By Stuart Gaffney and John Lewis–
“To say we are disappointed would be an understatement.” So read the tweet from a leading Kenyan LGBTIQ rights group minutes after a Kenyan court announced last week that it was delaying until late May issuance of its much-anticipated ruling about the constitutionality of Kenya’s law criminalizing same-sex sexual activity.
Expectations for a favorable ruling in February had been high prior to the announcement. The Nairobi News reported that many LGBTIQ people turned out to be present in the courtroom when the hoped-for ruling was to have been announced. They “were all dolled up with makeup and wigs as dapper partners suited up and wore bow ties for the occasion.” People hugged each other, and couples held hands as they entered the courtroom. Author and activist Denis Nzioka tweeted: “Splash of color, fierceness, and beauty as LGBTIQ members showed up” for court.
At issue in the case is the constitutionality of Sections 162 and 165 of the Kenyan Penal Code, which subject LGBTIQ Kenyans to a 14-year prison term for penetrative sexual activity and gay men to 5 years in prison for other sexual activity—even in the privacy of their own homes.
According to Reuters, the Kenyan government arrested 534 LGBTIQ people under these laws from 2013 to 2017. The effect of the law’s sanctioning discrimination, hostility and violence against LGBTIQ Kenyans is far wider.
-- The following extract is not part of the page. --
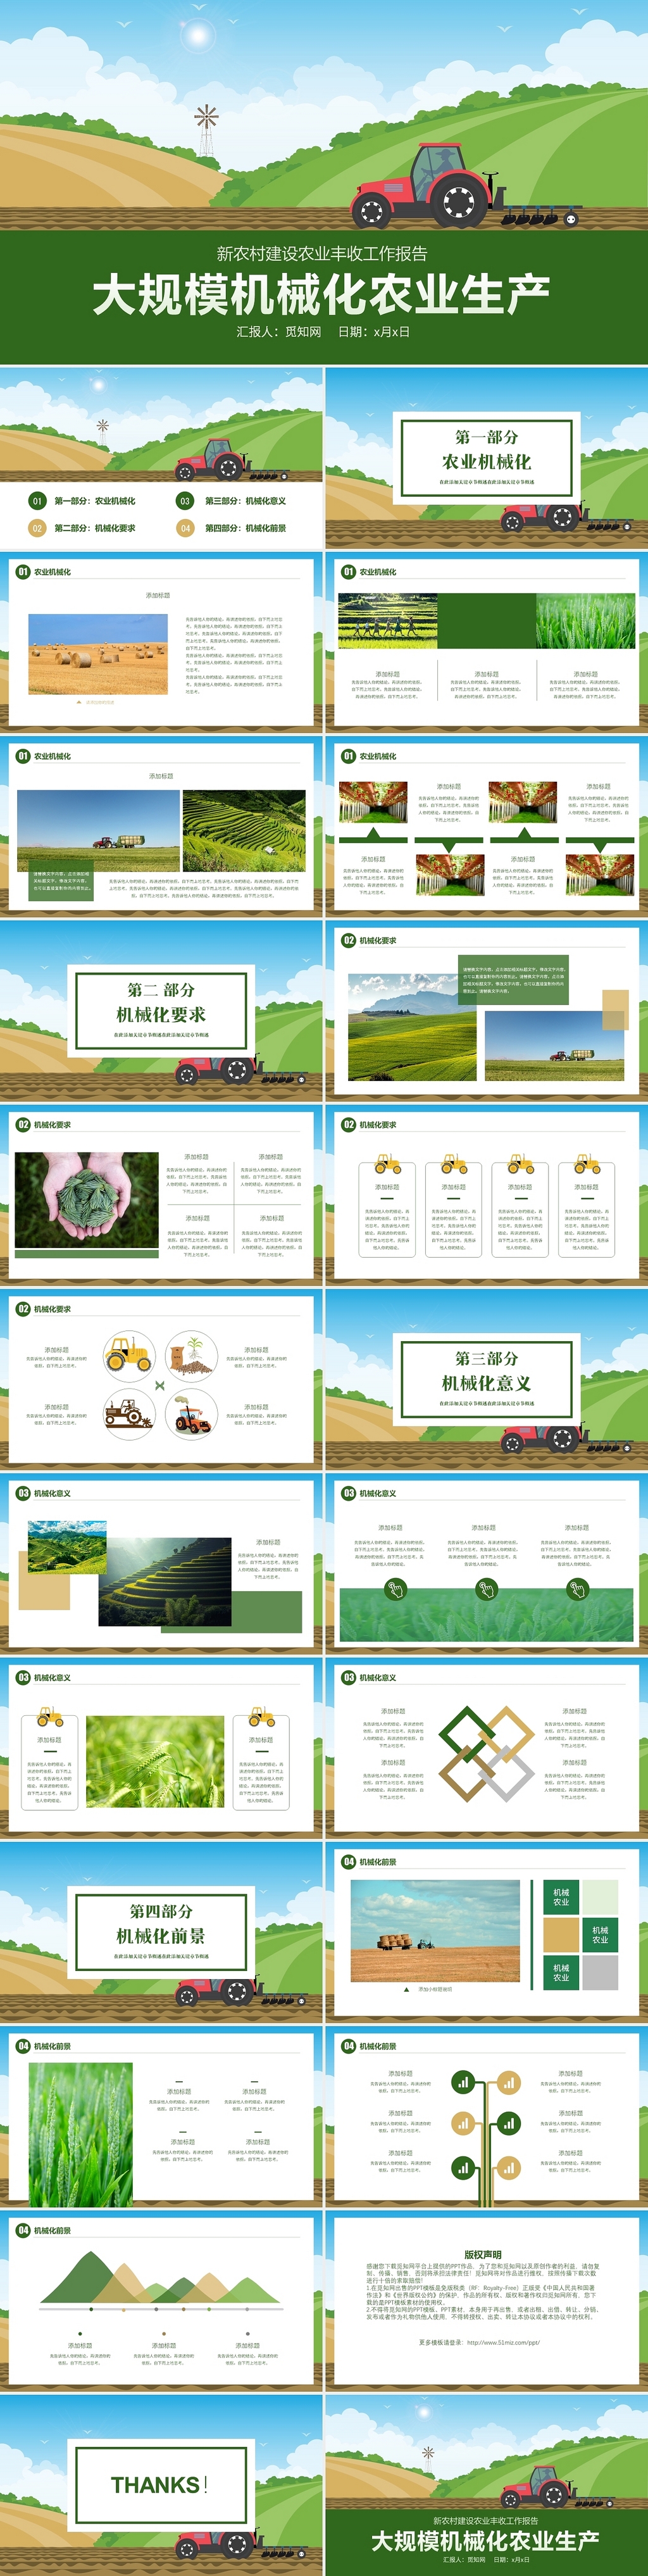 绿色卡通大规模机械化农业生产现代农业新农村生态农业PPT模板

One person described on Twitter: “What irks me is that homophobes will threaten my life and still get to go home to their families. Meanwhile my family & friends will worry for days that something bad will happen to me … .”
Kenyan LGBTIQ activists emphasize how the British government originally imposed the law on Kenya in 1930 during its colonial rule of the country. Author Shailja Patel tweeted before she entered the courtroom last week: “We’re here. Ready to overturn 89 years of colonial homophobia.” The British modeled the Kenyan law on a similar law it enacted in India back in 1860. Similar British colonial era criminal statutes became law in many of its colonies, including the present day African countries of Botswana, The Gambia, Ghana, Lesotho, Malawi, Mauritius, Nigeria, Seychelles, Sierra Leone, Somalia, Swaziland, Sudan, Tanzania, Uganda, Zambia and Zimbabwe.
The post-colonial Kenyan government has retained the law, and President Uhuru Kenyatta last year stated that homosexuality was currently “not acceptable” to “the people of Kenya” and “not an issue of human rights.” But the Kenyan LGBITQ community continues to fight back, by underscoring the law’s colonial roots. Writer Magunga JaKaruoth tweeted to the law’s proponents: “You inherited cruel laws from colonialists who went back to their country and changed them, yet you still cling on to them.”
In the face of such adversity, many LGBTIQ Kenyans have forcefully and eloquently stood up for love, equality and personal dignity and security. One activist explained on television: “I am someone’s daughter; I am loved from where I come from as a Lesbian, and I would want my fellow Kenyans to love us as we are because (we are) just like any other Kenyan.” Another person tweeted: “I am queer. I am femme. I am Kenyan. I am everything and yet I am made to feel like nothing. My love is not a phase. My love is not a sin. My love does not make me less of a human.”
Another activist spoke of the hypocrisy he perceived on the part of some Christians: “Whenever gay rights are brought up, every [C]hristian that drinks, smokes, fornicates, steals, covets, curses and uses God’s name in vain, is suddenly concerned with what the Bible says and permits.” Other advocates spoke of how sections 162 and 165 interfere with “providing healthcare services to the LGBTIQ community” and the country’s “achievement (of) global health targets outlined” by the government.
The personal toll that Sections 162 and 165 exact on all LGBTIQ Kenyans cannot be overstated. As one person put it: “[W]e are tired of the stigma, the blackmail, the threats, the struggle to live.” Sections 162 and 165 mean “you’re either out and scared for your life” or you’re “quiet and suffocating.”
Last year, the Indian Supreme Court overturned that nation’s anti-gay criminal statute dating back to 1860, holding that criminalizing a person’s “right to love” is “profoundly cruel and inhumane.” This month, a court in Botswana will hear a challenge to its similar law. The forthcoming ruling from the Kenyan court in May will be subject to appeal to an intermediate appellate court and the Kenyan Supreme Court, but its impact may ultimately be felt across the continent. As these cases unfold and activism and public education continue, activist writer Giramata wrote on Twitter:
“To my queer Kenyan friends,
Whose work I will never take for granted
Whose organizing will never go unnoticed
Whose love for community fuels me
Whose love of self holds me
I stand with you,
today and always!”
So do we.
John Lewis and Stuart Gaffney, together for over three decades, were plaintiffs in the California case for equal marriage rights decided by the California Supreme Court in 2008. Their leadership in the grassroots organization Marriage Equality USA contributed in 2015 to making same-sex marriage legal nationwide.